朱棣看著這個從小跟自己長大的心腹,聲音有些哽咽。
“奴纔不苦。”
鄭和抬起頭,雖然滿臉風霜,但眼神卻異常明亮,“奴才……幸不辱命!此次出海,共得純銀三百六十萬兩!黃金十萬兩!還有胡椒、蘇木等香料共計兩千倉!足以……足以……”
他說不下去了。因為他看到朱棣的眼圈紅了。
“好!好!好!”
朱棣連說了三個好字,用力拍著鄭和的肩膀,“有此一筆銀子,朕的紫禁城……朕的北伐……就有救了!三保,你是大明的功臣!朕要重重賞你!”
“奴纔不要賞。”
鄭和搖了搖頭,“奴才隻有一個請求。就是這筆錢……千萬彆再……彆再印寶鈔了。就用真金白銀花。還有……咱們不能再讓那個什麼黑龍艦隊在海上橫著走了。”
朱棣的臉色瞬間變得嚴肅起來。
他點了點頭:“朕明白。你這一路也看到了吧?海權……是個好東西啊。以前咱們光顧著盯著漠北那幾匹破馬,卻忘了這海裡全是金銀。”
“這次你帶回來的錢,朕除了修皇宮,剩下的……”
朱棣咬了咬牙,“剩下的,全部拿來造船!藍玉有的,朕也要有!他在大連造船,朕就在南京造!在福州造!朕就不信,舉大明全國之力,還能造不過他一個遼東?”
“傳朕旨意!令工部尚書宋禮,即刻南下,督造戰船二百艘!要大的!要能裝炮的!再從山東、浙江沿海征召水手,組建北洋水師!”
“奴才領旨!”
鄭和跪在地上,心裡卻有些發苦。
他冇敢告訴皇上,他在琉球看到的情景。

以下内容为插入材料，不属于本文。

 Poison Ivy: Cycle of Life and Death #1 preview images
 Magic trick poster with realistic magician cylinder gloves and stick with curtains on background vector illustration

那裡雖然還掛著琉球王的旗號,但港口裡停的全是遼東的大船。碼頭上堆積如山的貨物,全是玻璃、水泥、精鐵……
甚至他在那裡的補給,買的都是遼東產的壓縮餅乾和罐頭。
藍玉的勢力,已經像章魚一樣,把觸手伸到了大明的每一個角落,甚至是大海的彼岸。光靠造船……真的能趕上嗎?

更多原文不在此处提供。